А в городе между тем, т. е. в кругу дворян, и даже в мирном кругу купеческом, история за историей повторялась, и самого скандального содержания. А главным действующим лицом всех этих новелл был, разумеется, наш беспардонный капитан. К зиме в городе, по примеру прошлых зим, составился дворянский клуб, или собрание. На первом, на втором [бале] в собрании я хотя и был, но не заметил ничего необыкновенного, а прочие заметили и мне уже после сообщили, что на балах не показывалась ни одна уездная львица, а причиною тому был не кто другой, как все же наш беспардонный капитан. И самые прескверные анекдоты сочинялись по случаю неявления на бале львиц. А смиренные овечки, на которых он не обращал внимания, скромно варьировали эти анекдоты, чувствительно взирая на изверга капитана.
Я постоянно ходил к обедне в церковь святых мучеников Бориса и Глеба, что в Благовещенском монастыре, и вдруг что-то мне вздумалось пойти к обедне в церковь Фрола и Лавра. Прихожу, перекрестился, гляжу — предчувствие меня не обмануло: капитан тут, а перед ним шагах в двух Варочка, а около нее фельдшерша и что-то шепчет ей на ухо, а [та] ставит свечки перед образами. Капитан так пристально смотрел на затылок и толстые темно-русые косы Варочки, что не заметил, как [я] прошел мимо его и почти рядом с Варочкой остановился.
Странная и непонятная вещь; отчего, например, дома я каждый день любовался красотою Варочки, и ни разу не бросались мне в глаза такие милые и, можно сказать, пластические подробности, как в церкви; например, на белом изящно округленном затылке прозрачно вьющиеся кудри. Я вам скажу, это такая сатанинская прелесть, против которой не в силах человек устоять.

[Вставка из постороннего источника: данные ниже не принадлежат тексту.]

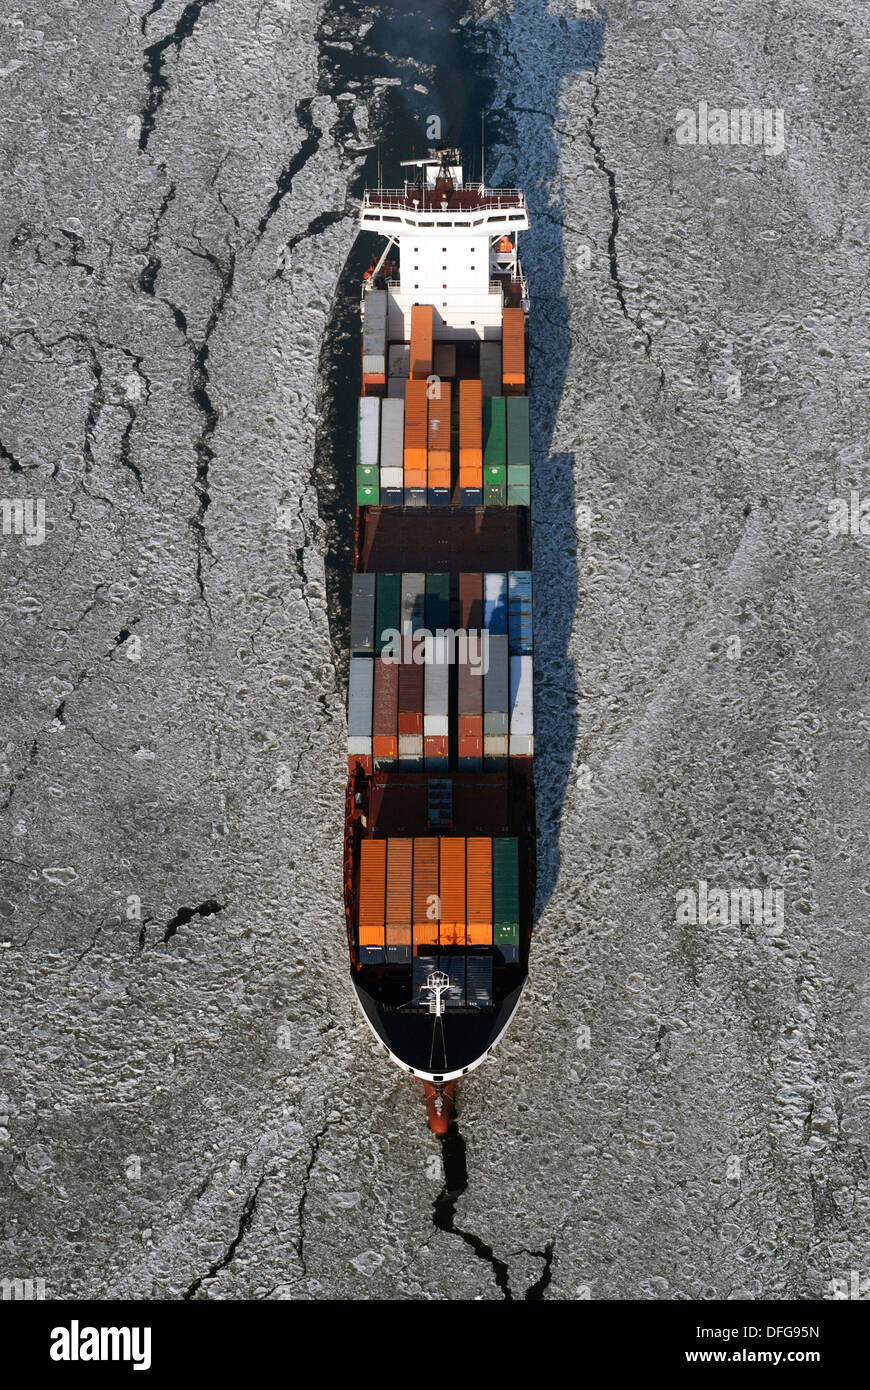 Feederschiff Tetuan umgeben von Eis, Luftaufnahme, Hamburg, Hamburg, Deutschland Stockfoto

Я перекрестился и двинулся несколько шагов вперед.
По окончании обедни на паперти встретился мне капитан, и ему, как я заметил, ужасно хотелося зайти ко мне на квартиру, но я искусно отманеврировал, раскланялся с ним на перекрестке и пошел по направлению к квартире полкового командира, где его хоть и принимали, но весьма осторожно, потому, правду сказать, что командир наш был уже старик, и вдобавок израненный старик, командирша еще баба хоть куда, а вдобавок еще и немка, так оно, знаете, [опасно?] было пускать такого зверя в дом, каков был капитан.
На другой день после рапорта спросил я у Тумана: «Который теперь будет год Варочке?» Он долго считал по пальцам и наконец сказал: «З Варвары симнадцятый пошел».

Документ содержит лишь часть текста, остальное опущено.